For conservationists, the lesson is a hopeful one: “In other parts of the world where we’re cutting down forests or destroying wetlands … as long as we can bring that habitat back, we can [help] species to bounce back.” Mongabay
Egypt fossil discovery reshapes origins of modern apes
Fossils from northern Egypt dated to 17–18 million years ago identify a new ape species, Masripithecus moghraensis, likely close to the common ancestor of all living apes. The find shifts the centre of early ape evolution from East to North Africa, suggesting a different migration pathway into Eurasia and exposing gaps in a fossil record long biased toward a single region. Smithsonian
Physicists spot impossible particle called toponium, made of top quarks
Scientists at CERN have found strong evidence for “toponium,” a particle formed when a top quark briefly sticks to its antimatter twin.
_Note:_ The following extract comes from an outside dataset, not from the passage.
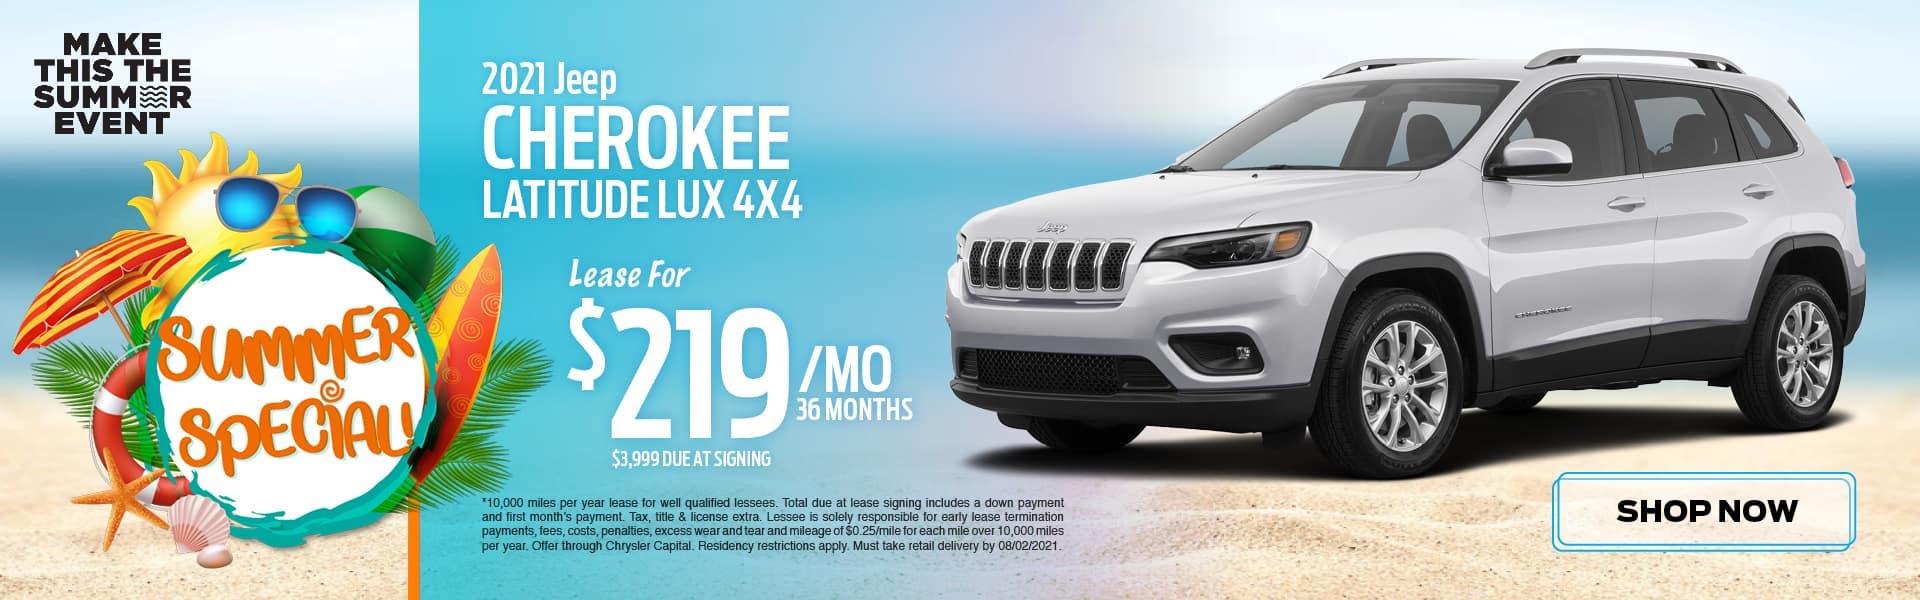 2021 Jeep Cherokee Latitude LUX 4x4
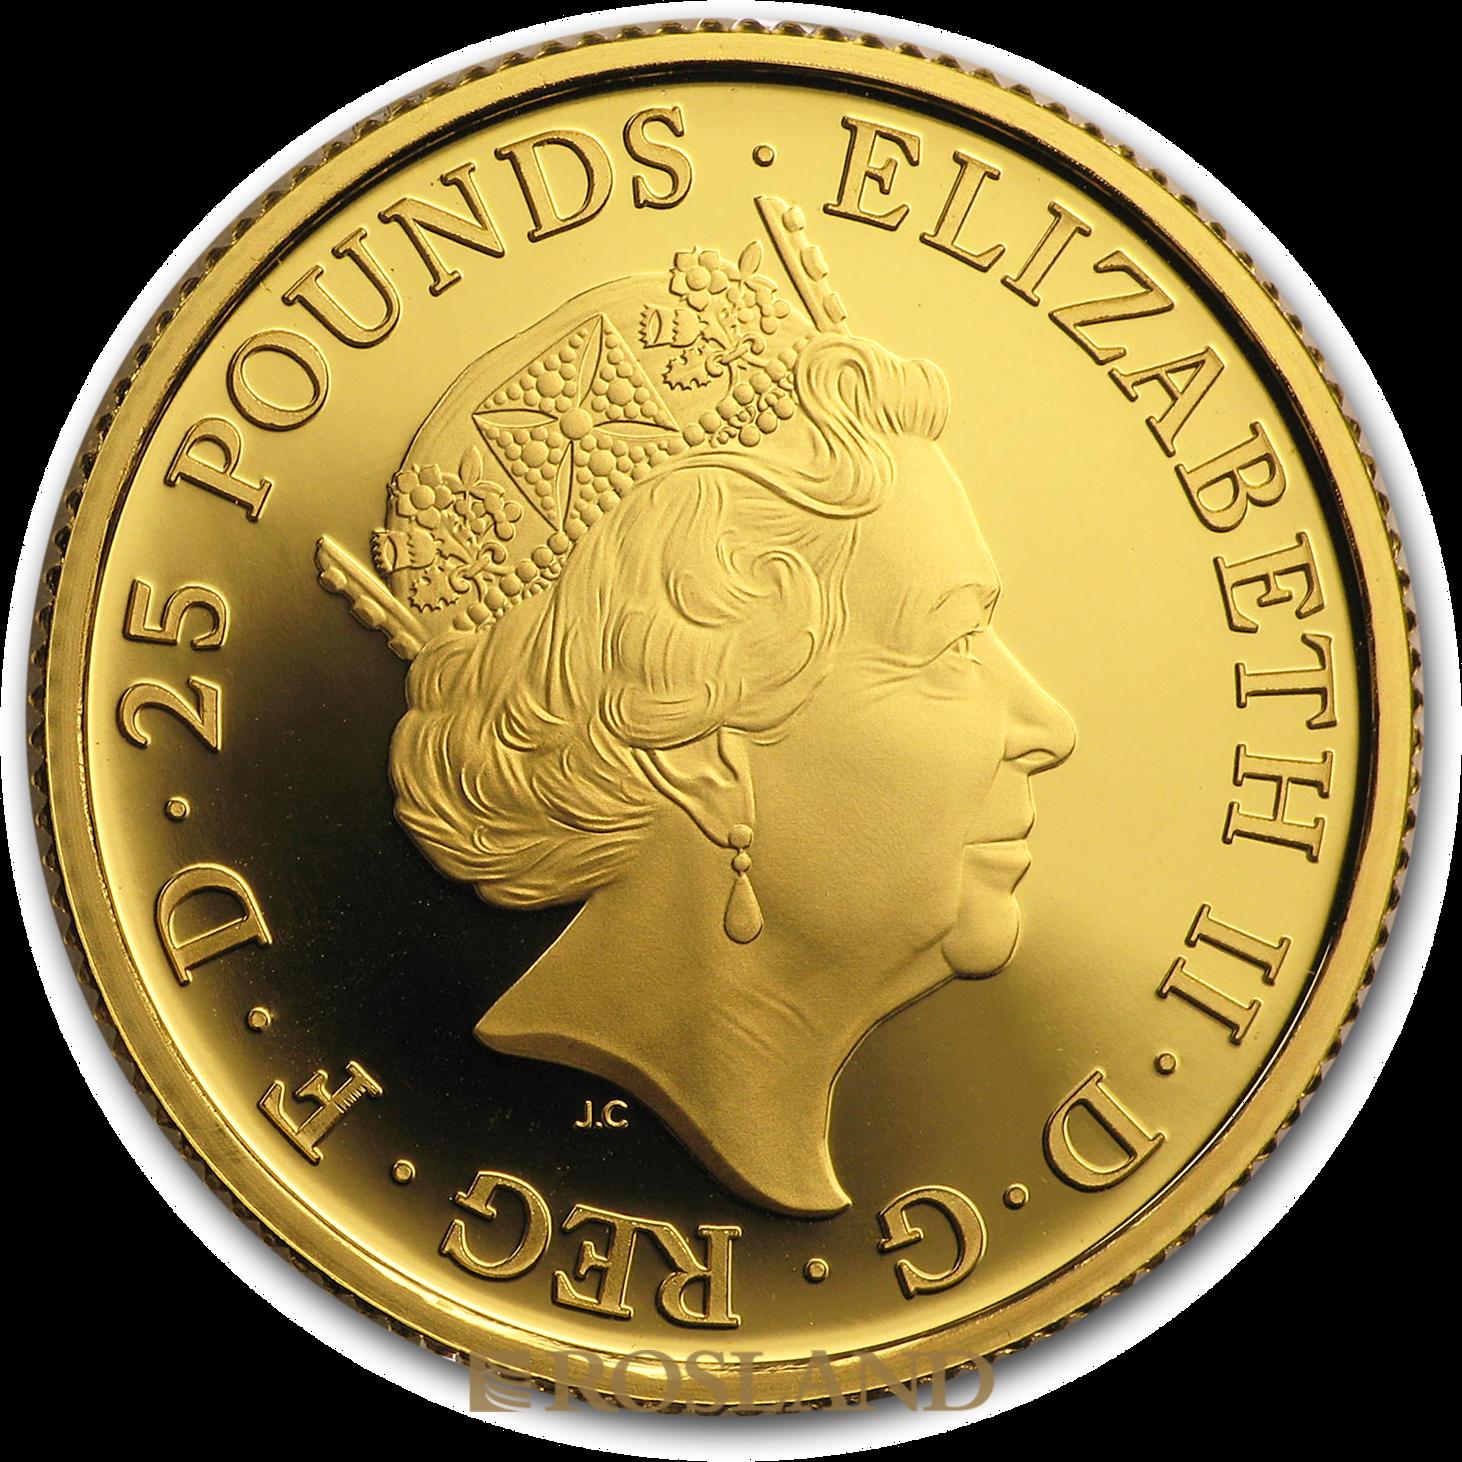 1/4 Unze Goldmünze Queens Beasts Falke 2019 PP (Box, Zertifikat)

This wasn’t supposed to happen because top quarks decay almost instantly, but new AI tools revealed rare low-speed pairs that behave like a bound state. The signal reached five-sigma confidence (99.99994%), the gold standard for a physics discovery, filling a key gap in the Standard Model showing how the strong force binds matter. Phys.org
And finally, Artemis II, NASA’s most daring mission in generations, has launched to the Moon, marking the first time since 1972 that humans will have left lower Earth orbit. The ten-day flight will be packed with milestones: two of the crew, NASA’s Christina Koch and Victor Glover, will become the first woman and first person of colour respectively to fly into cislunar space.